Performance impact of a full FlexGroup volume
Applies to
- ONTAP 9.1 and later
- FlexGroup
Issue
- Slow response time observed from a FlexGroup volume with all or some constituents above about 90% full.
- Very slow response running ls command on the FlexGroup volume.
- The VMs where the volume is mounted may go hung after logging in and respond very slow .
- in some cases it leads to performance degrading of the node to a degree that you cannot connect to a SVM e.g. serving data is affected
- Constituents with vastly differing space usage between constituents can also be impacted in a similar way as all constituents being 80-90% or more full.
- OCUM reports high latency for other operations.

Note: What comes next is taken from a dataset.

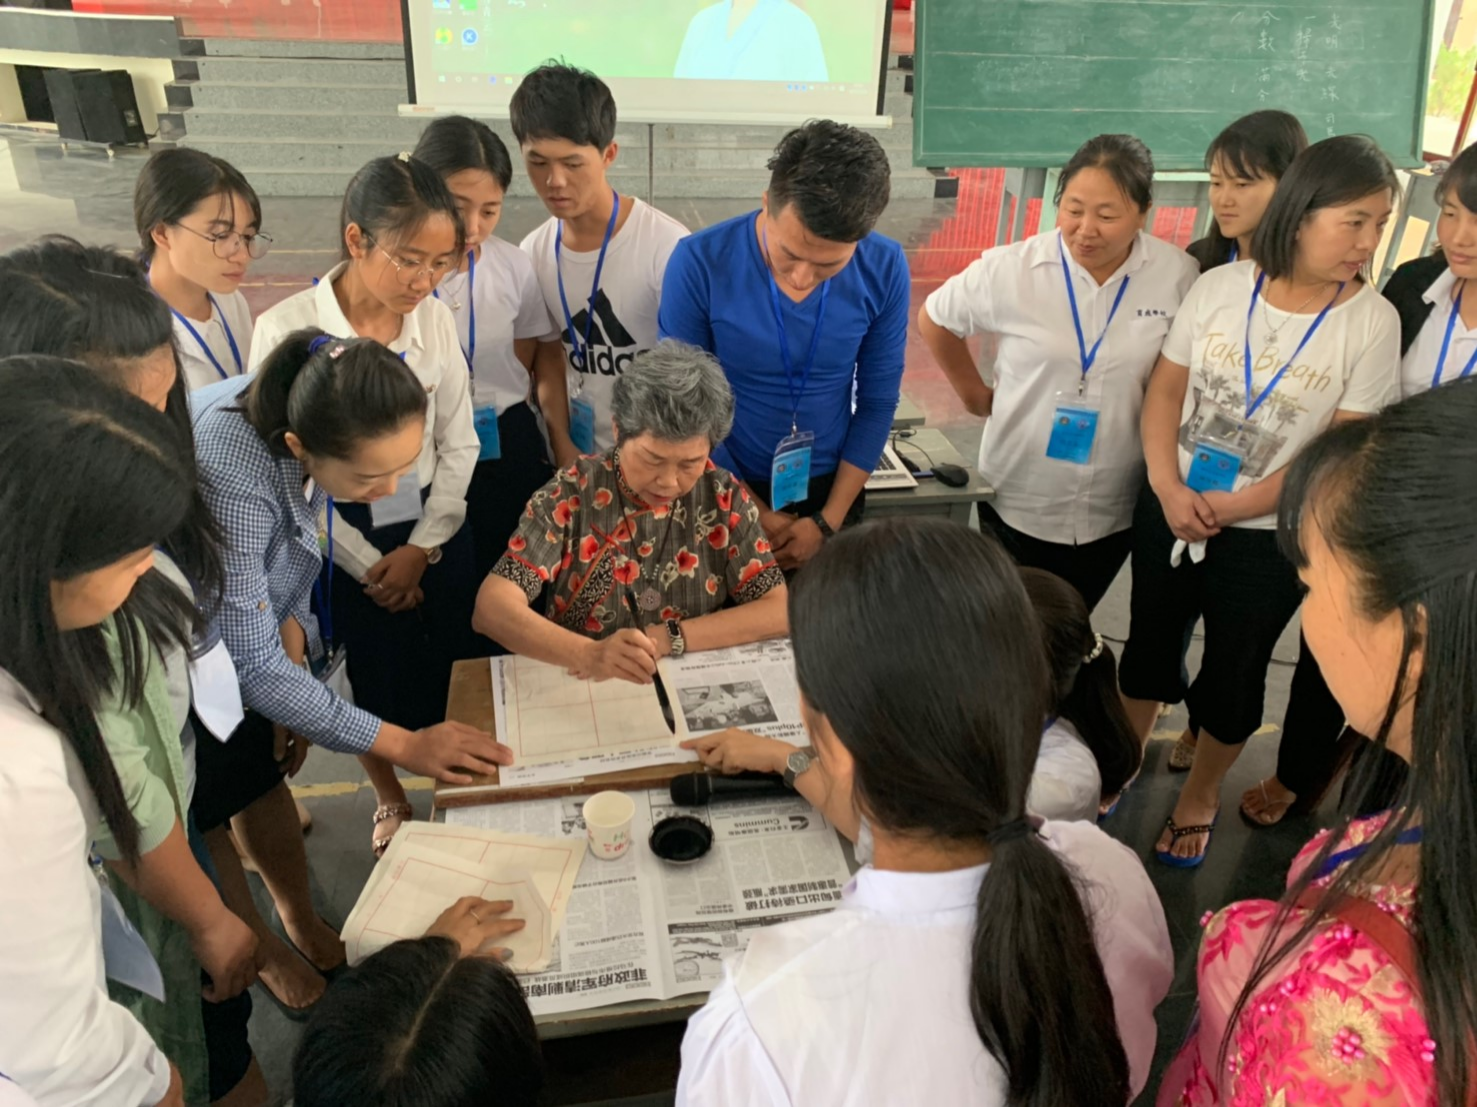 密支那育成學校舉辦2019華文教師研習會 16校教師參訓圖片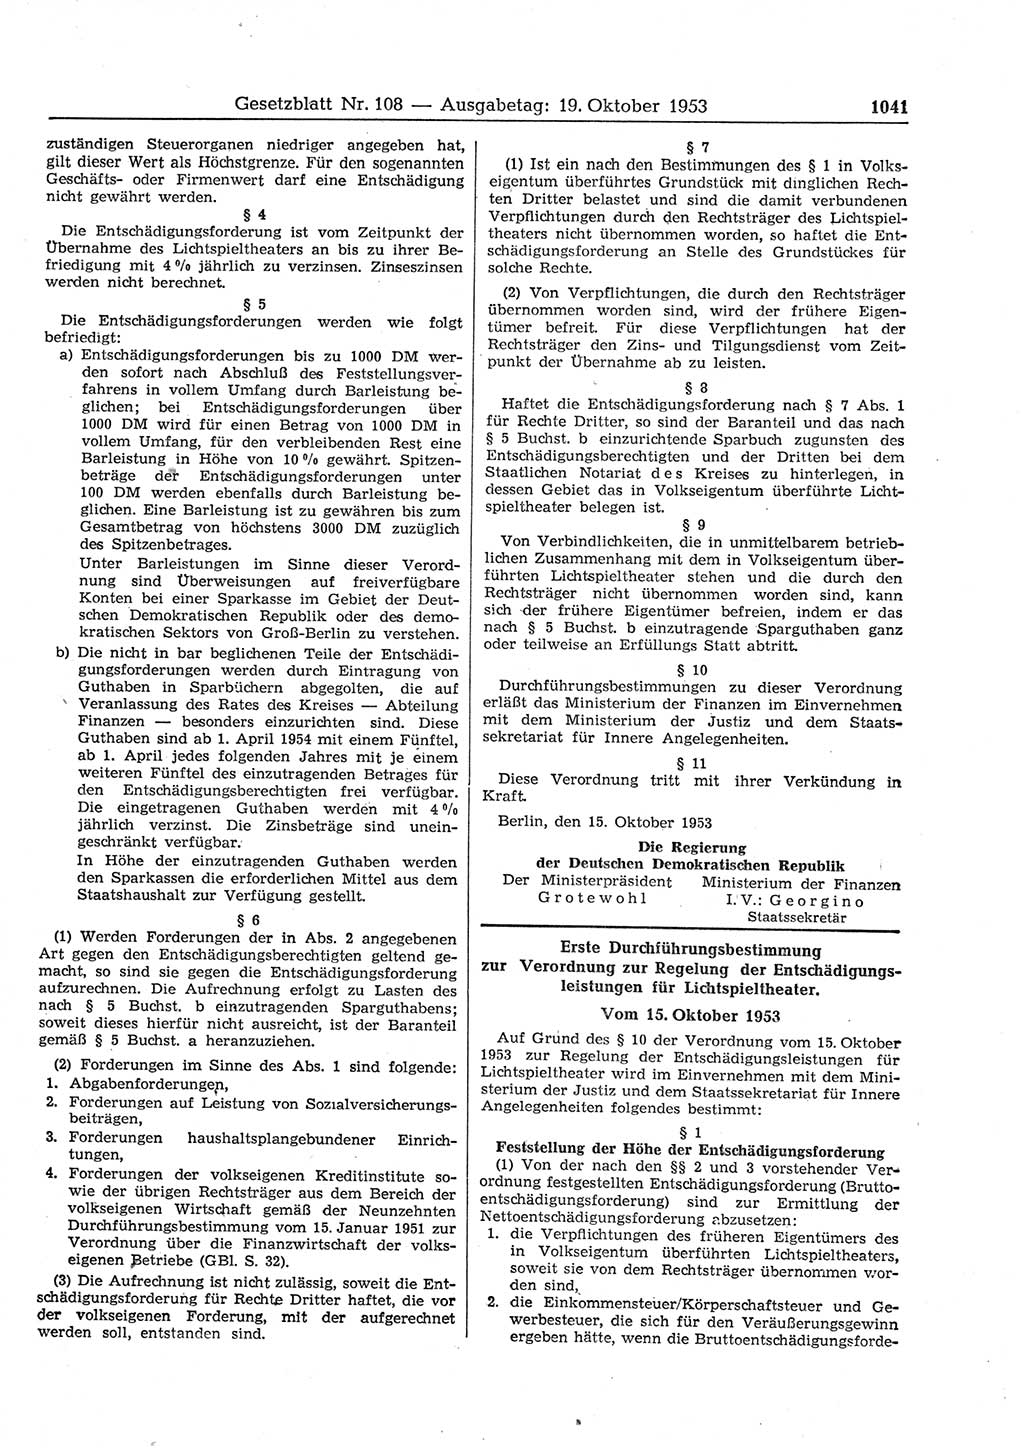 Gesetzblatt (GBl.) der Deutschen Demokratischen Republik (DDR) 1953, Seite 1041 (GBl. DDR 1953, S. 1041)

- Potential operation timeout events in Event log:
[xxx: kernel: Nblade.dBladeNoResponse.NFS:error]: File operation timed out because there was no response from the data-serving node. Node UUID: 9xxx, file operation protocol: NFS, client IP address: xx.xx.xx.xx, RPC procedure: 3.
- Insufficient space errors for FlexGroup volumes in Event log:
wafl_exempt08: wafl.vol.fsp.full:error]: volume amperexxxxxx@vserver:xxxxxx: insufficient space in FSP wafl_remote_reserve to satisfy a request of 0 holes and 27 overwrites.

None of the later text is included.